/DOIPrefixAnalysis

List of CrossRef DOI prefixes augmented with semantic information about their holders from Wikidata

MIT LicenseMIT

DOI Prefix Analysis

List of CrossRef DOI prefixes augmented with semantic information about their holders from Wikidata

Data Collection

This project collects the list of Digital Object Identifier prefixes corresponding to journal publishers as revealed by the CrossRef bibliographic database as of 17 January 2022 (98,420,414 DOIs). This dataset includes the number of journals and publications corresponding to every DOI prefix.

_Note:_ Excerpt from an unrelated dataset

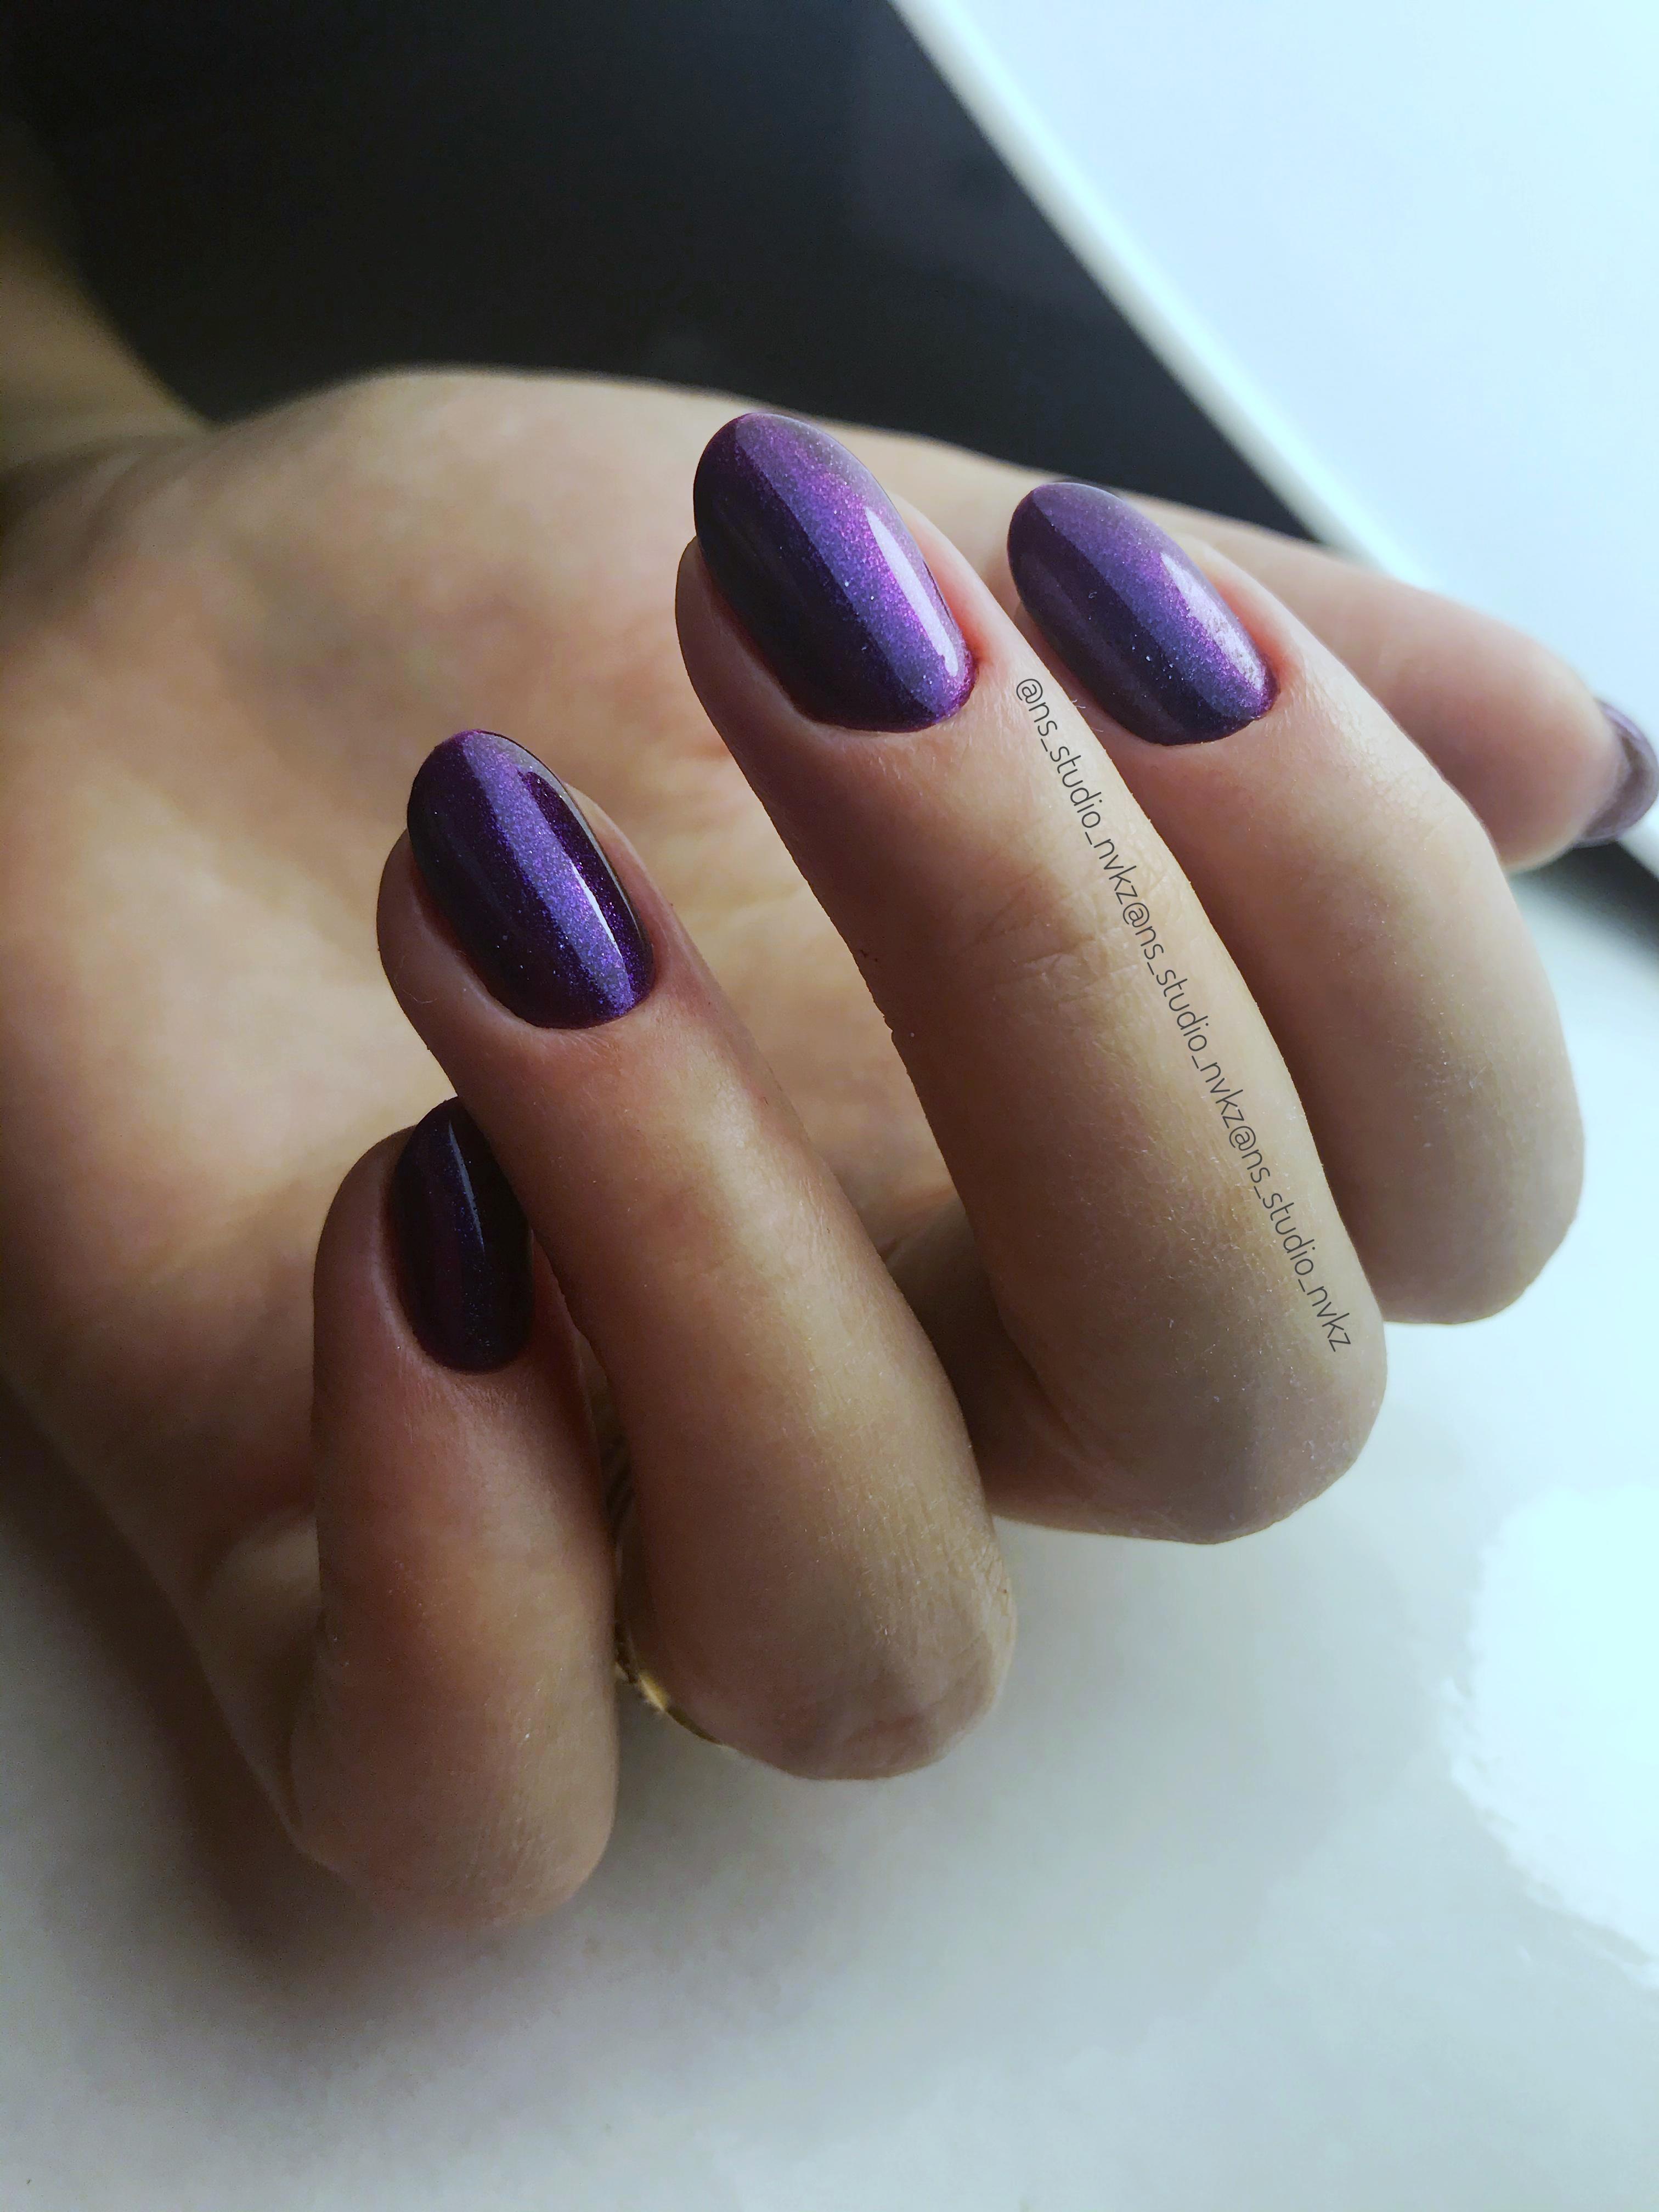 Однотонный маникюр на короткие ногти в фиолетовом цвете.

Then, we use OpenRefine, a data cleaning and reconciliation software, for aligning the publisher names of the best 200 DOI prefixes to their corresponding items in Wikidata, an open and collaborative multilingual and multidisciplinary knowledge graph. The alignment of publishers to Wikidata items will be later used to enrich the list of DOI prefixes with detailed information about the publishers, mainly the type, country, year of creation, and year of end of work of every institution. As well, this matching will be used to identify the publishers indexed in the Beall's List of predatory publishing institutions. The output is finally curated by the two first authors to fill the gaps in data and verify the information automatically added from Wikidata to our dataset.

To cite the work

Turki, H., Fraumann, G., Hadj Taieb, M. A., & Ben Aouicha, M. (2022). Digital Object Identifiers (DOIs) for whom? The Digital Divide in Scientometrics and the Publishing Industry. Frontiers in Research Metrics and Analytics (Forthcoming).